(Items listed in a dataset)
= = = =

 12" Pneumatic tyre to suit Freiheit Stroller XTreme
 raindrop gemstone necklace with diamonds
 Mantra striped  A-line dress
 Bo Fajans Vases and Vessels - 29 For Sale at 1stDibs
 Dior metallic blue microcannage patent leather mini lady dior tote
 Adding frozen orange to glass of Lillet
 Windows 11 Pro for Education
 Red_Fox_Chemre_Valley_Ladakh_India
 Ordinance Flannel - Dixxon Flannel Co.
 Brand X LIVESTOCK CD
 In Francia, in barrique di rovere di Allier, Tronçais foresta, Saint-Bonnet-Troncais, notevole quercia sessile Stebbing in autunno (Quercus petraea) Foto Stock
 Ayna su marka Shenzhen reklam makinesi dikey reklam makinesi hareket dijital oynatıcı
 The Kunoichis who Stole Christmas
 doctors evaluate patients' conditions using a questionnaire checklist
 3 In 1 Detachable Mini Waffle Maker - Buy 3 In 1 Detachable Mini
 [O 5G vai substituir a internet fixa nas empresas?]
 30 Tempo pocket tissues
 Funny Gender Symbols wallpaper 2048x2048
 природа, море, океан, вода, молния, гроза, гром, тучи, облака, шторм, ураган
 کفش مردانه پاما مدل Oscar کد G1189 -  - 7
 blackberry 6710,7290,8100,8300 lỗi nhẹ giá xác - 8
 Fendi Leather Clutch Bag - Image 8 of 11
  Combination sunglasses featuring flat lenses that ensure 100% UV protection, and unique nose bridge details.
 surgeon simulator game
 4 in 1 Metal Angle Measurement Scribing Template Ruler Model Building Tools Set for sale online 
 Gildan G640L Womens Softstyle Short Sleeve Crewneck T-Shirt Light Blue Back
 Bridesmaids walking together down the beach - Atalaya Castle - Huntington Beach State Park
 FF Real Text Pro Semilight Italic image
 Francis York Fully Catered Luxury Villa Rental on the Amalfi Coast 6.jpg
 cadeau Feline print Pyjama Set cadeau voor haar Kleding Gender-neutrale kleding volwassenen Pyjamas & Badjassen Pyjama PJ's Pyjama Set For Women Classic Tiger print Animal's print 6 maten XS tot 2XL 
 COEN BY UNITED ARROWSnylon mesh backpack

= = = =

• _What to work on_
Return all of the data above, keeping every line exactly as it appears.

• _Expected answer_
 12" Pneumatic tyre to suit Freiheit Stroller XTreme
 raindrop gemstone necklace with diamonds
 Mantra striped  A-line dress
 Bo Fajans Vases and Vessels - 29 For Sale at 1stDibs
 Dior metallic blue microcannage patent leather mini lady dior tote
 Adding frozen orange to glass of Lillet
 Windows 11 Pro for Education
 Red_Fox_Chemre_Valley_Ladakh_India
 Ordinance Flannel - Dixxon Flannel Co.
 Brand X LIVESTOCK CD
 In Francia, in barrique di rovere di Allier, Tronçais foresta, Saint-Bonnet-Troncais, notevole quercia sessile Stebbing in autunno (Quercus petraea) Foto Stock
 Ayna su marka Shenzhen reklam makinesi dikey reklam makinesi hareket dijital oynatıcı
 The Kunoichis who Stole Christmas
 doctors evaluate patients' conditions using a questionnaire checklist
 3 In 1 Detachable Mini Waffle Maker - Buy 3 In 1 Detachable Mini
 [O 5G vai substituir a internet fixa nas empresas?]
 30 Tempo pocket tissues
 Funny Gender Symbols wallpaper 2048x2048
 природа, море, океан, вода, молния, гроза, гром, тучи, облака, шторм, ураган
 کفش مردانه پاما مدل Oscar کد G1189 -  - 7
 blackberry 6710,7290,8100,8300 lỗi nhẹ giá xác - 8
 Fendi Leather Clutch Bag - Image 8 of 11
  Combination sunglasses featuring flat lenses that ensure 100% UV protection, and unique nose bridge details.
 surgeon simulator game
 4 in 1 Metal Angle Measurement Scribing Template Ruler Model Building Tools Set for sale online 
 Gildan G640L Womens Softstyle Short Sleeve Crewneck T-Shirt Light Blue Back
 Bridesmaids walking together down the beach - Atalaya Castle - Huntington Beach State Park
 FF Real Text Pro Semilight Italic image
 Francis York Fully Catered Luxury Villa Rental on the Amalfi Coast 6.jpg
 cadeau Feline print Pyjama Set cadeau voor haar Kleding Gender-neutrale kleding volwassenen Pyjamas & Badjassen Pyjama PJ's Pyjama Set For Women Classic Tiger print Animal's print 6 maten XS tot 2XL 
 COEN BY UNITED ARROWSnylon mesh backpack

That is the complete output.